The religious were not placated. An extreme Orthodox group known as the Neturei Karta, which means “Guardians of the City” in Hebrew, sent a letter to Arafat, the chairman of the Palestine Liberation Organization, seeking his help in getting the shop closed.

The PLO and Orthodox Jews may seem unlikely allies, but the Neturei Karta people reject the concept of a Jewish state and have long advocated the internationalization of Jerusalem.

Rabbi Moshe Hirsch, a spokesman for the group, pointed out that a representative of the Arab League at the United Nations intervened in a recent dispute to prevent the Israeli government from closing an Orthodox slaughterhouse in the Mea Shearim section of Jerusalem.

Writing to the PLO executive committee in Tunis, Hirsch appealed for PLO intervention at the United Nations to “help maintain the sanctity and holiness of Jerusalem, the spiritual citadel of the world.”

There has been no response from Arafat.

After several months of stone throwing, rioting, burning and other disturbances in the occupied West Bank and Gaza Strip, the word intifada , or uprising, has become a permanent part of the lexicon of the Middle East.

It is an Arabic word, but it is now used freely by Hebrew-speaking army officers and English-language newscasters on official Israel Radio. They no longer bother to translate it.

The word intifada derives from the Arabic nafada , which means to “shake off.”

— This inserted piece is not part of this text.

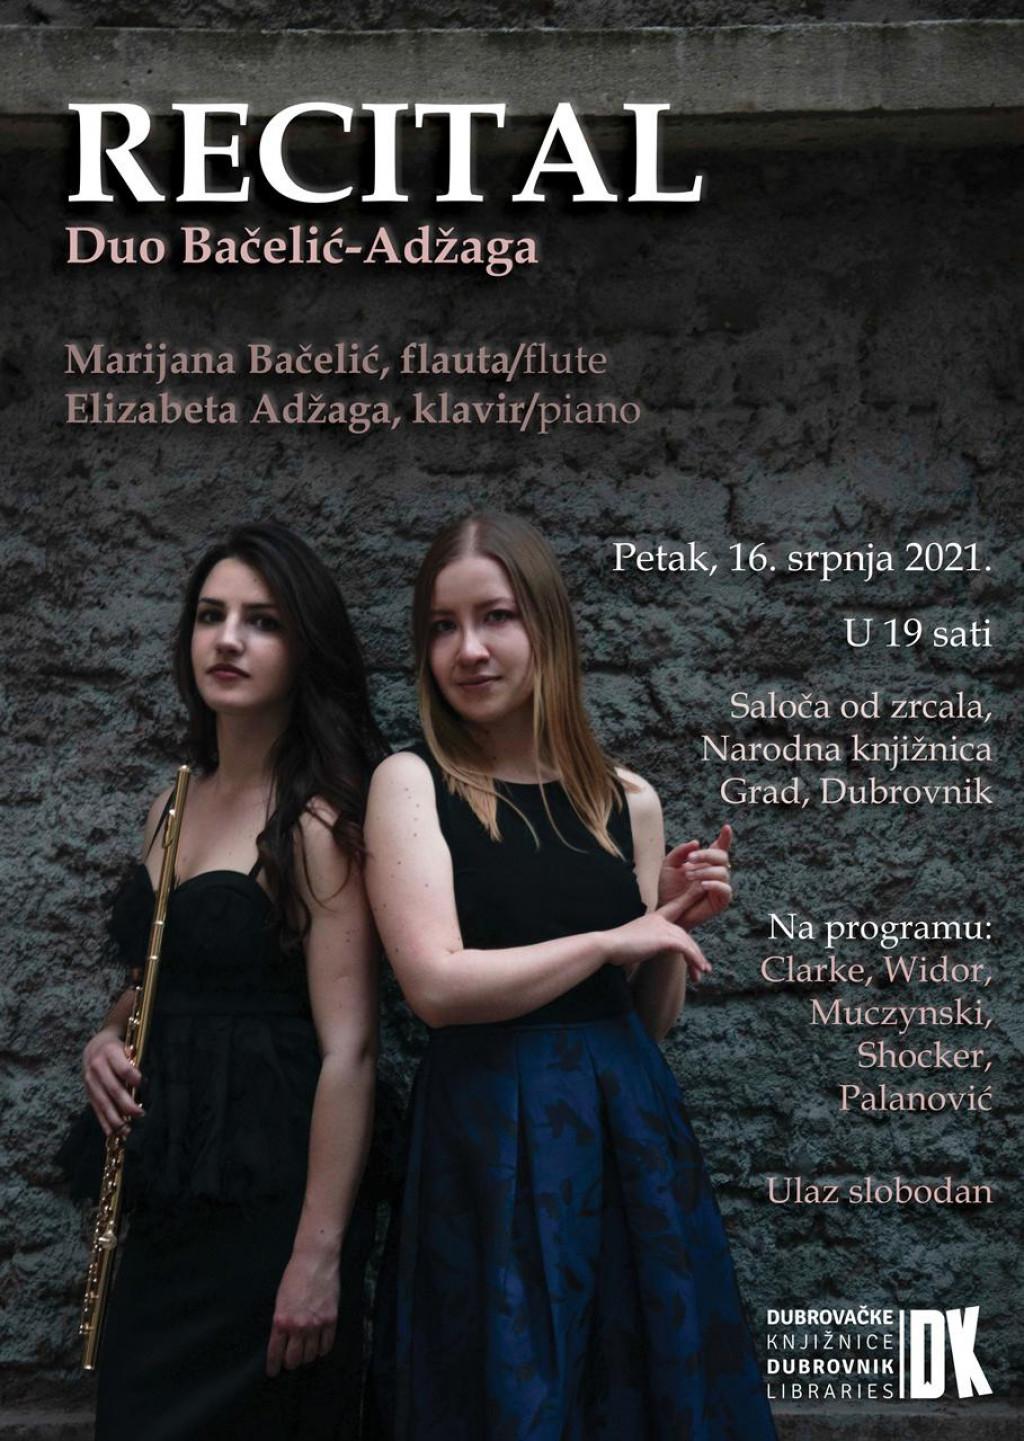 Flautistica Marijana Bačelić i pijanistica Elizabeta Adžaga

“Soothing words these must have been for those in Israel caught in the throes of a lexical crisis,” George Giacaman, an associate professor of philosophy at the WestBank’s Bir Zeit University, observed recently in the Jerusalem Post. “In place of an assertive word that intimidates, they found themselves confronted by a bland and almost tame metaphor. In its sense of complacency, the word hardly does justice to the facts on the ground.”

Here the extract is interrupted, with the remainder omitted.